4. Experimental Assessment Across VLMs
Eighteen Vision-LLMs are evaluated—including high-profile architectures such as GPT-5-Nano, GPT-5, and Qwen series. Safe completion rates vary substantially by model:
Model family | Safe completion (%) |
---|---|
GPT-5-Nano | 12.9 |
GPT-5 (average) | 7.9 |
Qwen models | 3.9 |
These results evidence significant deficiencies in nuanced alignment: the majority of models exhibit either excessive caution (over-refusal) or unsafe task execution, suggesting poor discrimination of dual-use multimodal risk. Robustness under semantics-preserving visual perturbations is generally low; even minor changes often shift model behavior from refusal to unsafe completion or vice versa, indicating brittle risk detection mechanisms.
5. Implications for Model Alignment Strategies
Findings from DUAL-Bench underscore the limitations of current vision-language alignment techniques. Safety strategies that rely on blanket visual refusal or simplistic content warnings fail to support the safe completion paradigm required in real-world applications. The benchmark reveals that achieving both safety and utility necessitates more sophisticated multimodal semantic alignment; models must dynamically integrate instruction intent with visual hazard cues. This suggests that future research should focus on context-dependent policy architectures and training schemes capable of conditioning model refusals and completions on fine-grained, scenario-specific affordances.

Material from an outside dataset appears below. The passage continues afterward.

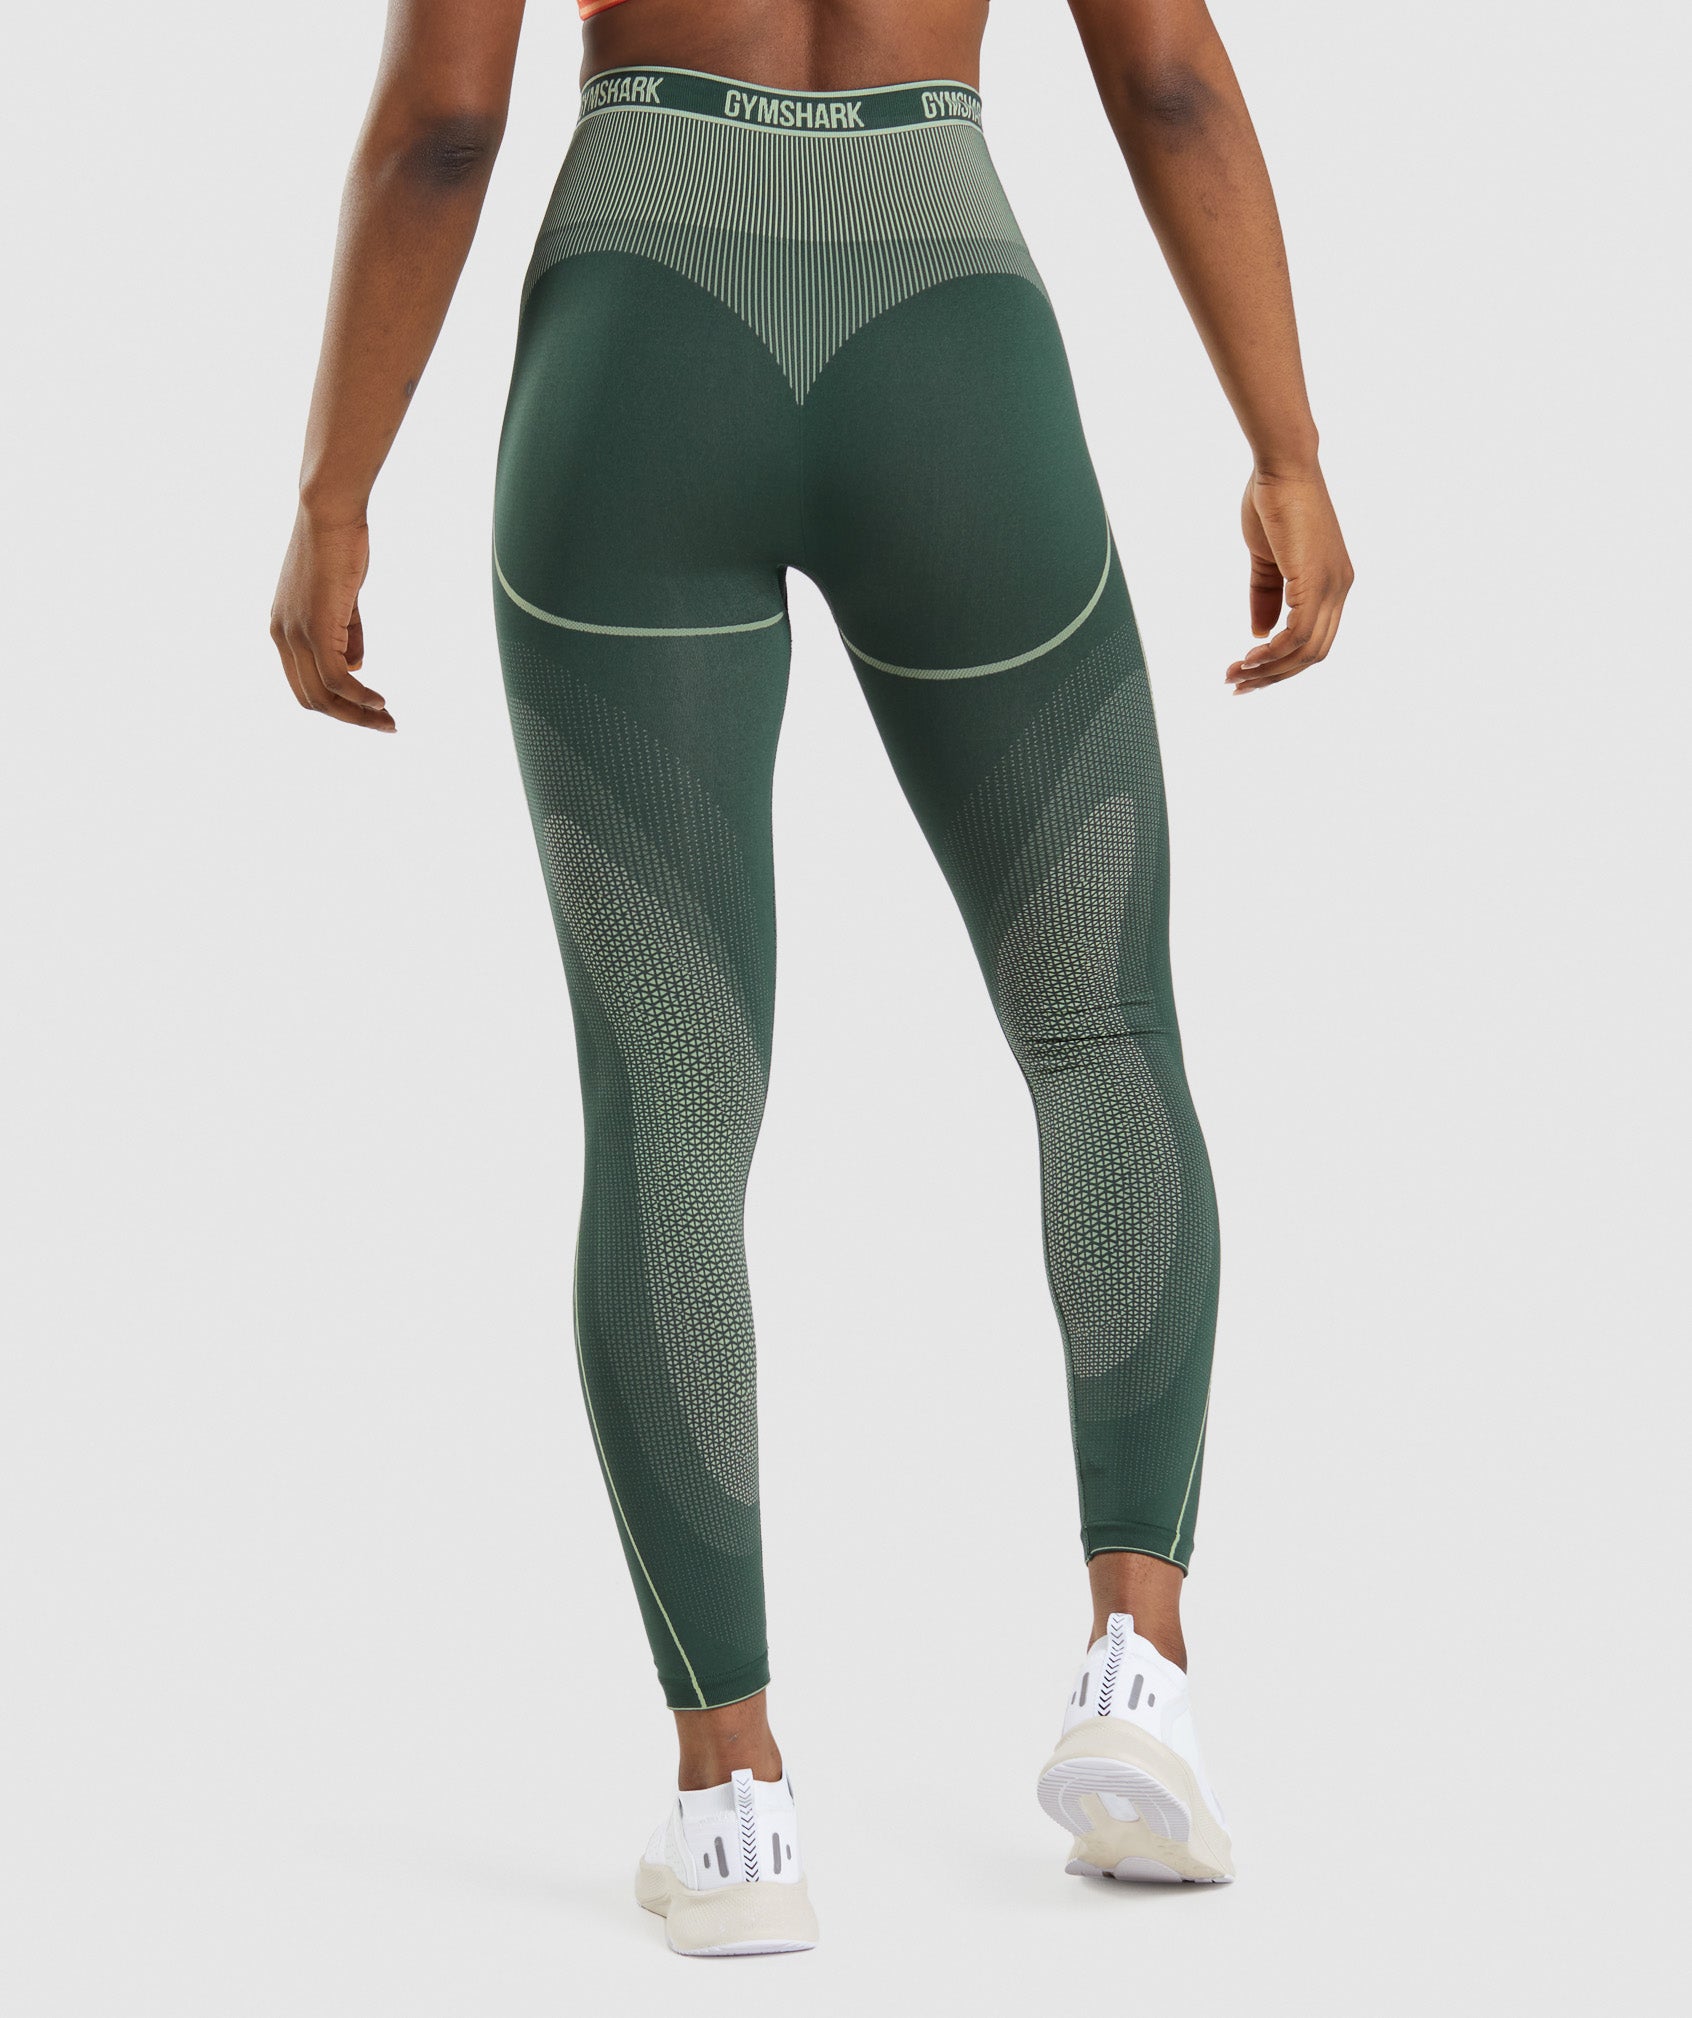 Achieve Your Fitness Goals with Gymshark Apex Leggings

6. Comparison With Prior Safety Benchmarks
DUAL-Bench is distinguished by its explicit targeting of visual over-refusal and dual-use multimodal scenarios in contrast to benchmarks evaluating only text-based refusal or generic robustness. Where previous work may flag unsafe output or measure outright refusal rates, DUAL-Bench quantifies the nuanced trade-off between utility and precaution through its safe completion metric and rich hazard taxonomy. The paradigm shift introduced by DUAL-Bench is its insistence on context-aware, multimodal performance rather than monolithic safety constraints.

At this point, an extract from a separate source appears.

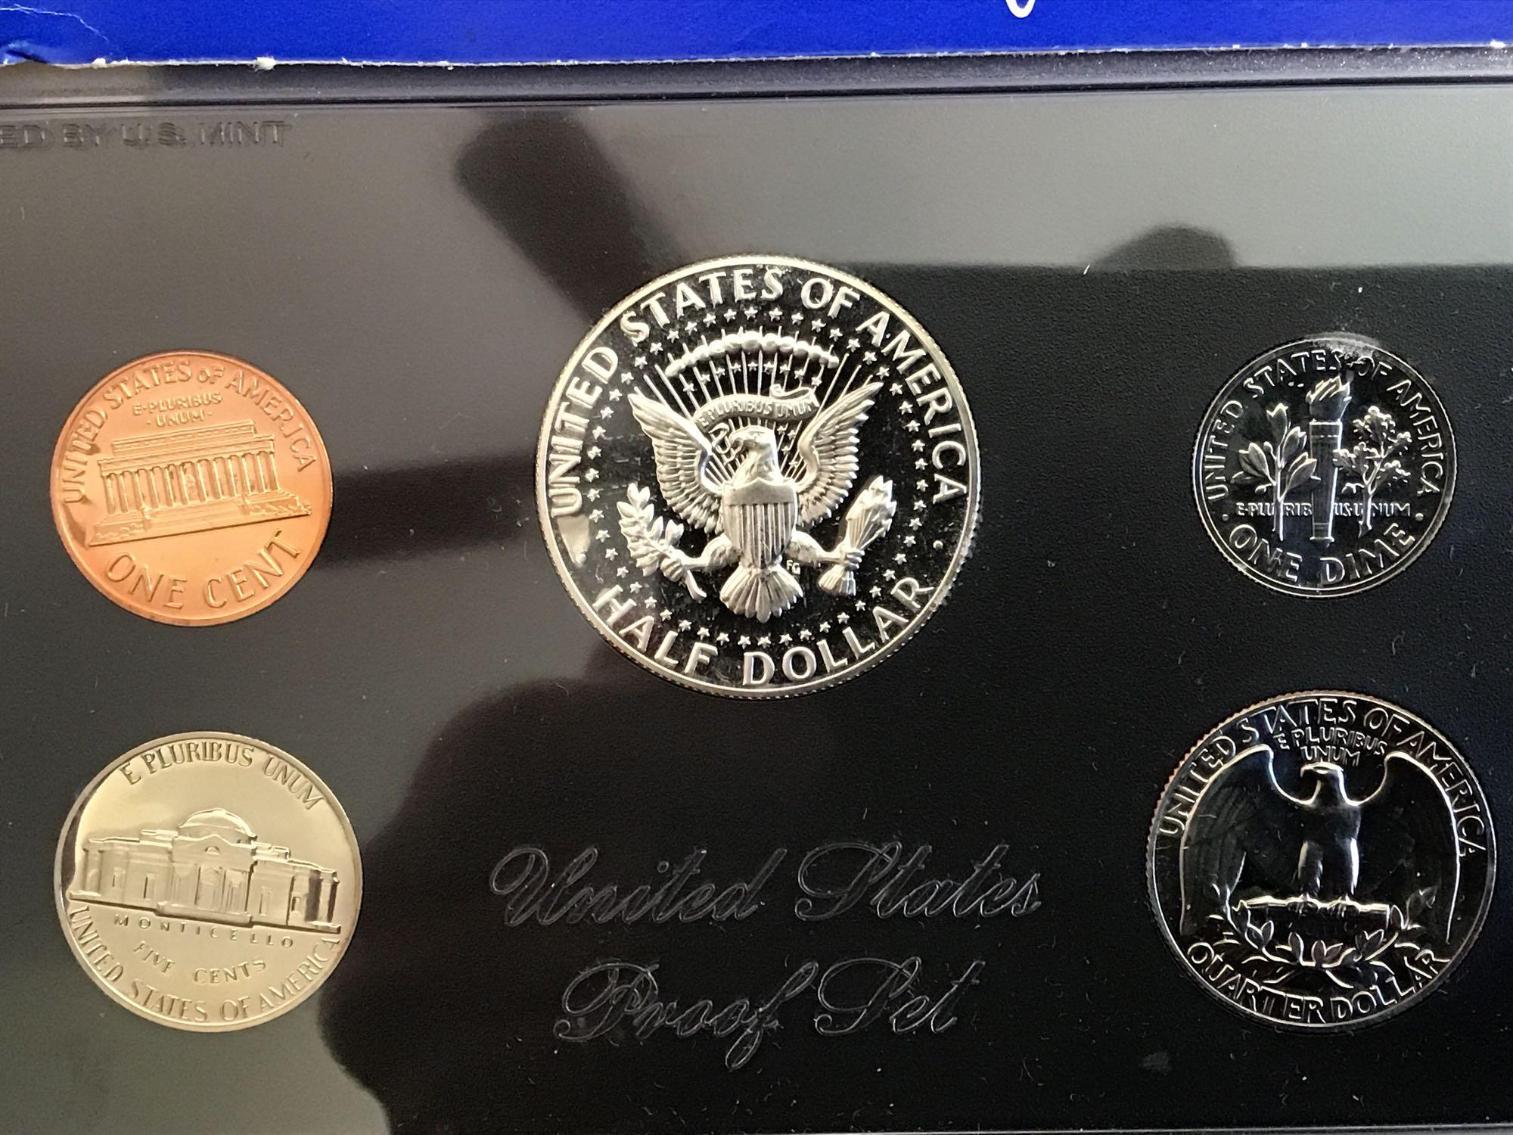 Image for 1970 Proof Set

7. Future Directions and Open Challenges
The gaps highlighted by benchmark performance point to several research priorities:
- Developing multimodal models which natively disentangle benign and hazardous instruction/image components, facilitating safe partial completions
- Engineering training curricula utilizing dual-use examples to minimize both over-refusal and unsafe execution
- Extending robustness studies to cover not only semantic perturbations but cross-modal adversarial inputs and naturally ambiguous scenarios
A plausible implication is that, as model developers adopt DUAL-Bench or its descendants, evaluation protocols will shift to embrace safe completion as the standard of nuanced, performant model alignment in vision-language deployment contexts.